Adam Tambellini (born November 1, 1994) is a Canadian professional ice hockey forward who is currently playing for Rögle BK of the Swedish Hockey League (SHL). Tambellini was selected by the New York Rangers in the third round (65th overall) of the 2013 NHL Entry Draft.

Playing career
Tambellini played top midget hockey in Alberta before playing three games with the Sherwood Park Crusaders in the Alberta Junior Hockey League during the 2010–11 season as a 16-year-old. He then continued his junior career, playing two seasons in the British Columbia Hockey League (BCHL) with the Vernon Vipers and the Surrey Eagles before committing to college hockey with the University of North Dakota in the National Collegiate Hockey Conference.

After his selection by the Rangers at the 2013 NHL Entry Draft, Tambellini played just 16 games in his freshman year with the Fighting Hawks in 2013–14 season. He then opted to leave college to return to Canada to play major junior hockey in the Western Hockey League (WHL) after his rights were acquired by the Calgary Hitmen from the Portland Winterhawks on January 8, 2014. He regained his scoring touch in the WHL playing out the remainder of the season in producing 39 points in just 31 games.

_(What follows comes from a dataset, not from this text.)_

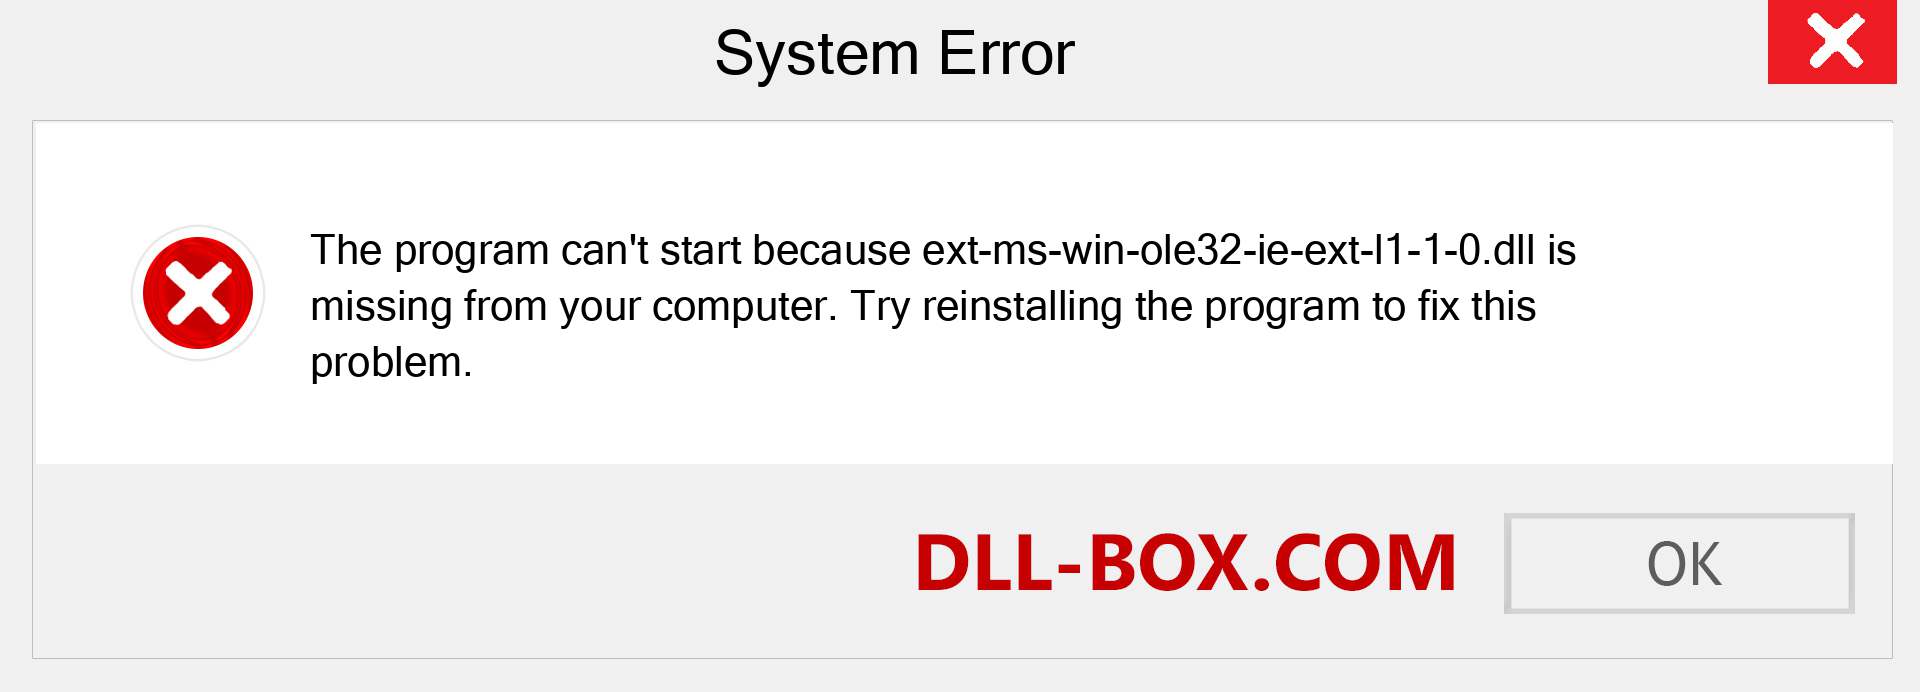  ext-ms-win-ole32-ie-ext-l1-1-0.dll file is missing?. Download for Windows 7, 8, 10 - Fix  ext-ms-win-ole32-ie-ext-l1-1-0 dll Missing Error on Windows, photos, images

In his first full season with the Hitmen in 2014–15, Tambellini scored 86 points in 71 games to earn a selection to the East Second All-Star Team. On March 10, 2015, it was announced that Tambellini had signed a three-year, entry-level contract with the New York Rangers.

In his first professional season with the Rangers organization, Tambellini was assigned to its AHL affiliate, the Hartford Wolf Pack for the 2015–16 season. In his rookie campaign, Tambellini finished with a promising 17 goals and 32 points in 74 games.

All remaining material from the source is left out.